Compressing and reducing XML size has been an issue for more than a decade now, especially in mobile communications where both bandwidth and client computation power are scarce resources. The final solution used in wireless communications, which is what I prefer to use if I have enough control on both the client and server sides, is WBXML (WAP Binary XML Spec).
This spec defines how to convert the XML into a binary format which is not only compact, but also easy-to-parse. This is in contrast to general-purpose compression methods, such as gzip, that require high computational power and memory on the receiver side to decompress and then parse the XML content. The only downside to this spec is that an application token table should exist on both sides which is a statically-defined code table to hold binary values for all possible tags and attributes in an application-specific XML content. Today, this format is widely used in mobile communications for transmitting configuration and data in most of the applications, such as OTA configuration and Contact/Note/Calendar/Email synchronization.

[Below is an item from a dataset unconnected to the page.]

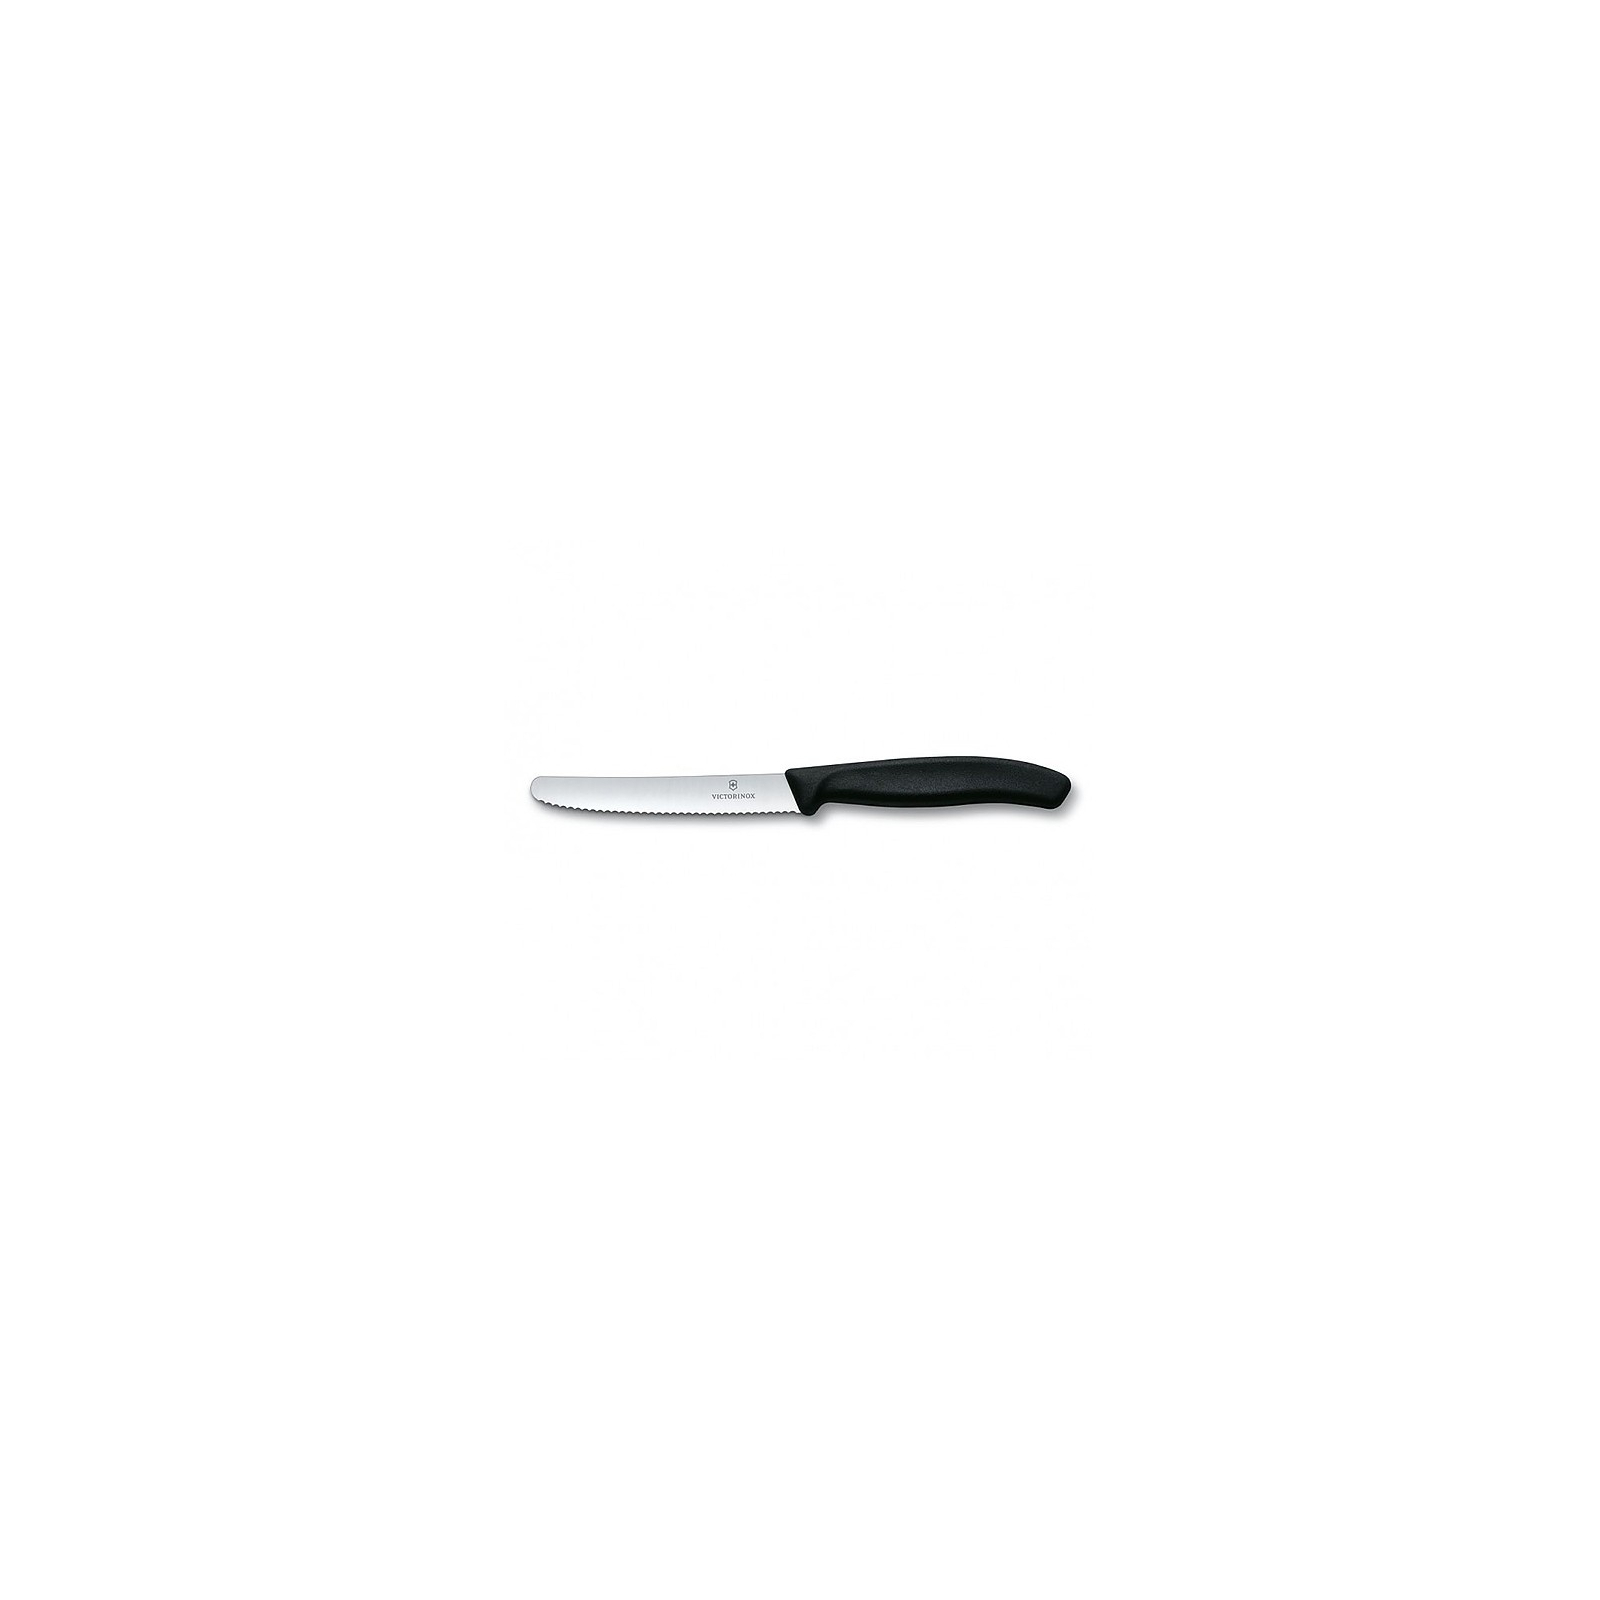 Набір ножів Victorinox SwissClassic из 3 предметов Черный с овощечисткой (6.7113.31) зображення 3

For transmitting large XML content using this format, you can use a chunking mechanism similar to the one proposed in SyncML protocol. You can find a design document here, describing this mechanism in section "2.6. Large Objects Handling". As a brief intro:
This feature provides a means to synchronize an object whose size exceeds that which can be transmitted within one message (e.g. the maximum message size – declared in MaxMsgSize
element – that the target device can receive). This is achieved by splitting the object into chunks that will each fit within one message and by sending them contiguously. The first chunk of data is sent with the overall size of the object and a MoreData tag signaling that more chunks will be sent. Every subsequent chunk is sent with a MoreData tag, except from the last one.
Depending on how large it is, you might want to considering compressing it first. This, of course, depends on how often the same data is sent and how often it's changed.
To be honest, the vast majority of the time, the simplest solution works fine. I'd recommend transmitting it the easiest way first (which is probably all at once), and if that turns out to be problematic, keep on segmenting it until you find a size that's rarely disrupted.
Compression is an obvious approach. This XML bugger will shrink like there is no tomorrow.
If you can keep a local copy and two copies at the server, you could use diffxml to reduce what you have to transmit down to only the changes, and then bzip2 the diffs. That would reduce the bandwidth requirement a lot, at the expense of some storage.
Are you reading the XML with a proper XML parser, or are you reading it with expectations of a specific layout?
For XML data feeds, waiting for the entire file to download can be a real waste of memory and processing time. You could write a custom parser, perhaps using a regular expression search, that looks at the XML line-by-line if you can guarantee that the XML will not have any linefeeds within tags.
If you have code that can digest the XML a node-at-a-time, then spit it out a node-at-a-time, using something like Transfer-Encoding: chunked. You write the length of the chunk (in hex) followed by the chunk, then another chunk, or "0\n" at the end. To save bandwidth, gzip each chunk.